A male friend in Seoul once explained that while going through puberty he felt a lot of rage and didn’t know where to direct it all.
As boys adjust to surging testosterone their anger mounts and in a schedule with no breaks, from high school to post-college career, that anger is eventually directed towards people with less power like women or immigrants. You can see it in the political rhetoric of recent mayoral candidates, and the message continues to grow as we near the presidential election next year. “Don’t blame us, blame women. Blame immigrants.
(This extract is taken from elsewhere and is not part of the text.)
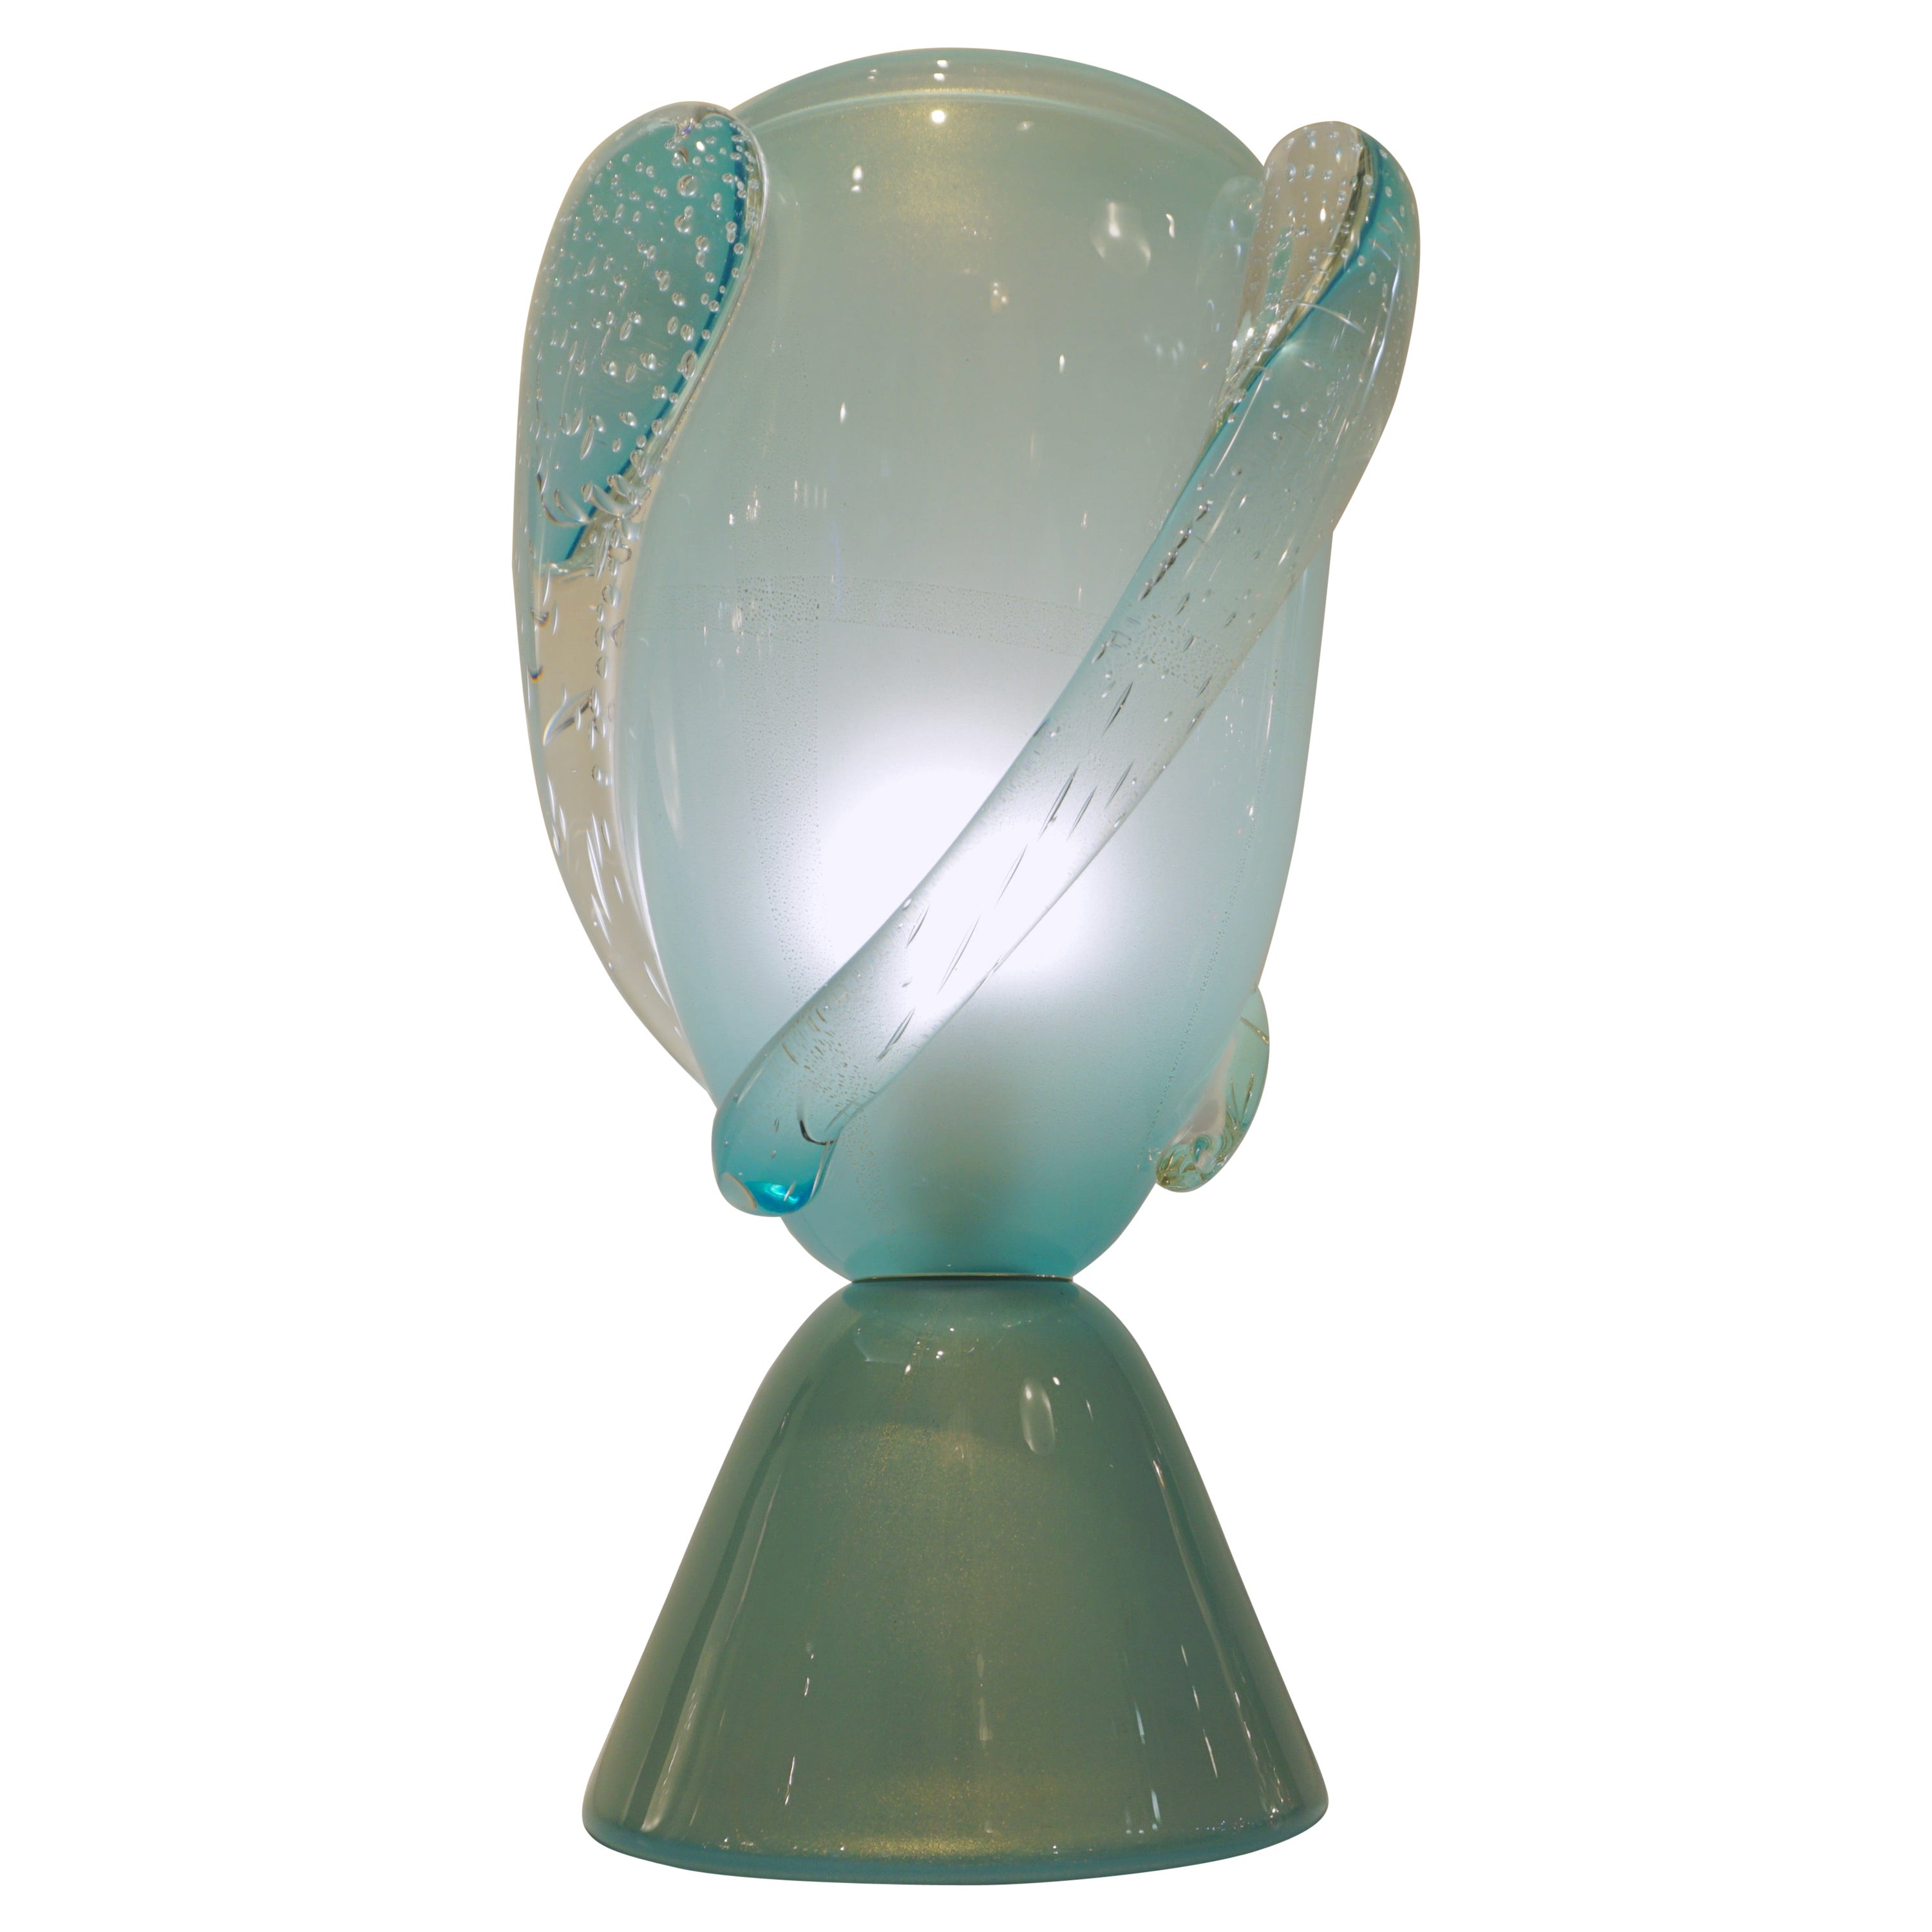 Lampe de table en verre de Murano de haute qualité, soufflé à la bouche, signée Barovier&Toso, dans une rare couleur baby aquamarine azur, travaillée avec de la poussière d'or 24Kt pour conférer de l'éclat au verre. Le bleu de mer passe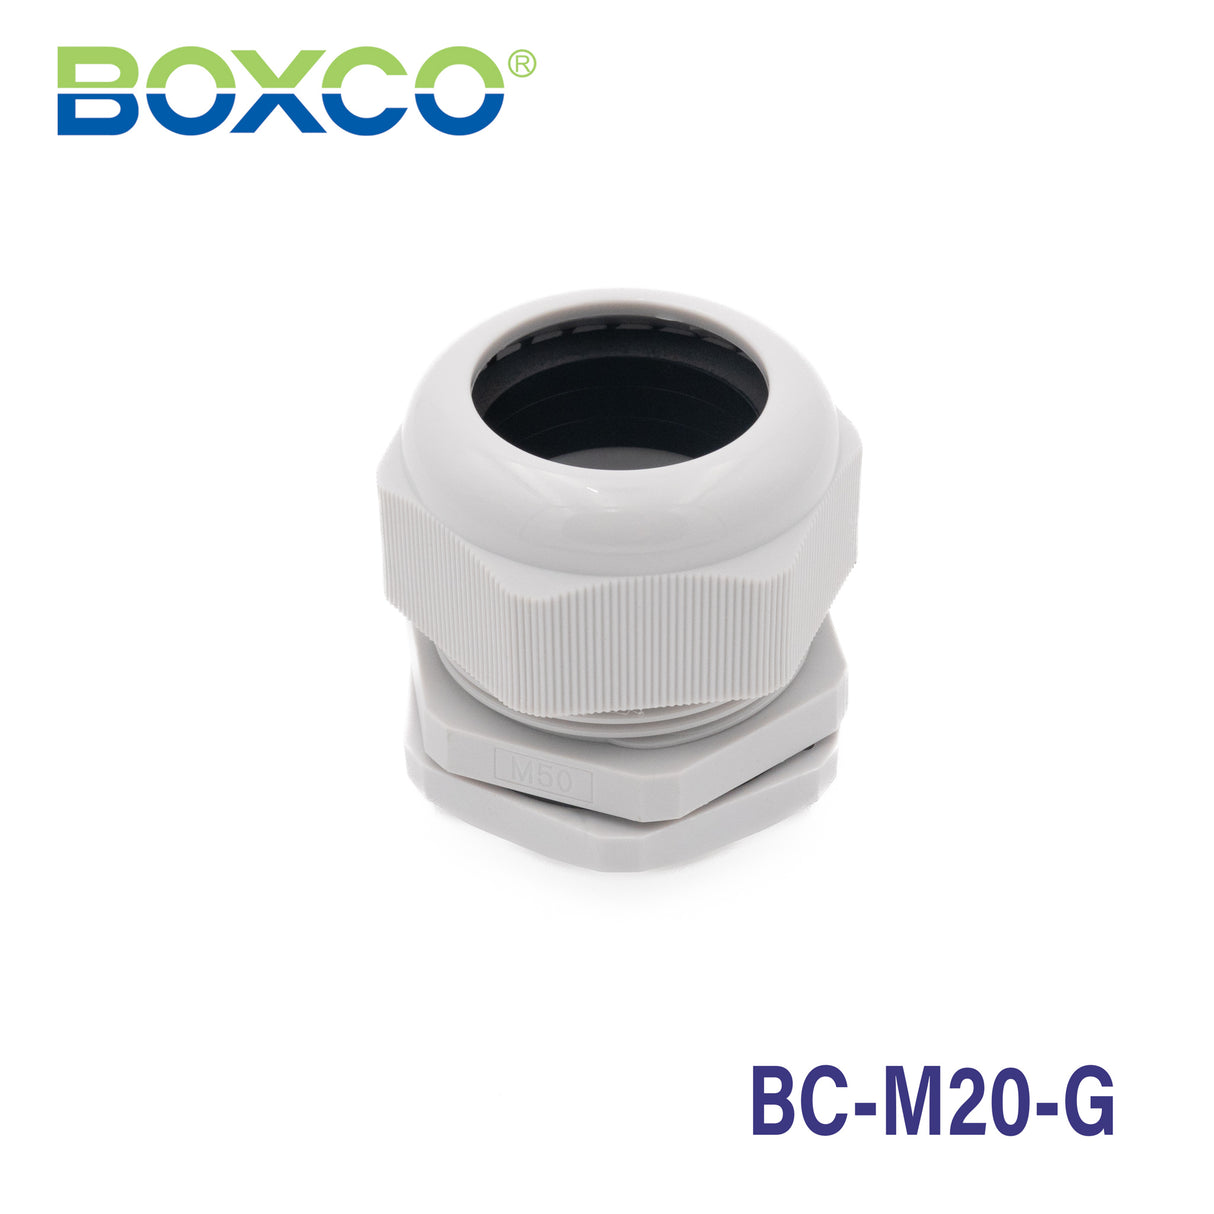 Boxco Plastic Cable Gland BC-M20-G

Blame Japan.” The candidates have the power to provide services to help these young men but knowingly redirect anger so their voter base doesn’t see how little effort they put into making lives better.
For the first time I understood how tough it is to be a young man and that to make strides in equality and justice, we need to help and guide our young men just as much as our young women. They need love, tenderness, and a listening ear. They do not need to be told to “suck it up” or “act like a man” because ultimately, those emotions need an outlet. Boys are people, too, and we need to stop treating children as if they are so wildly different.
There comes a point where we need to stop just pulling people out of the river. We need to go upstream and find out why they’re falling in.
Desmond Tutu
I am amazed and humbled that the three shared their truth with me. I suspect that I represent a safe space to them– speaking in another language, and to a foreigner from a country with a more open culture, they know (I hope) that I’m not going to judge them.
The four of us sat there in a charged circle for a moment before Jenny came back and broke the spell by announcing the end of class. I don’t think I imagined their reluctance, however briefly, to get up from the table.
Suddenly it was over and students were shuffling out the door. I wish we could have done a short wrap up, just a simple, “good job, see you next week” because opening and closing are really important to me as a teacher and a student.
On their way out, I gave each student two mini muffins I had picked up from the local bakery that morning. In Korea, there will never be a time that food gifts are unacceptable. It felt weirdly unfitting for the heavy morning but I’m sure all the kids needed a breather from three hours of straight English time.
I’ll see them all again this weekend and I wonder if they’ll see me as an untouchable native speaker or as a mentor. Time will reveal what our relationship will become.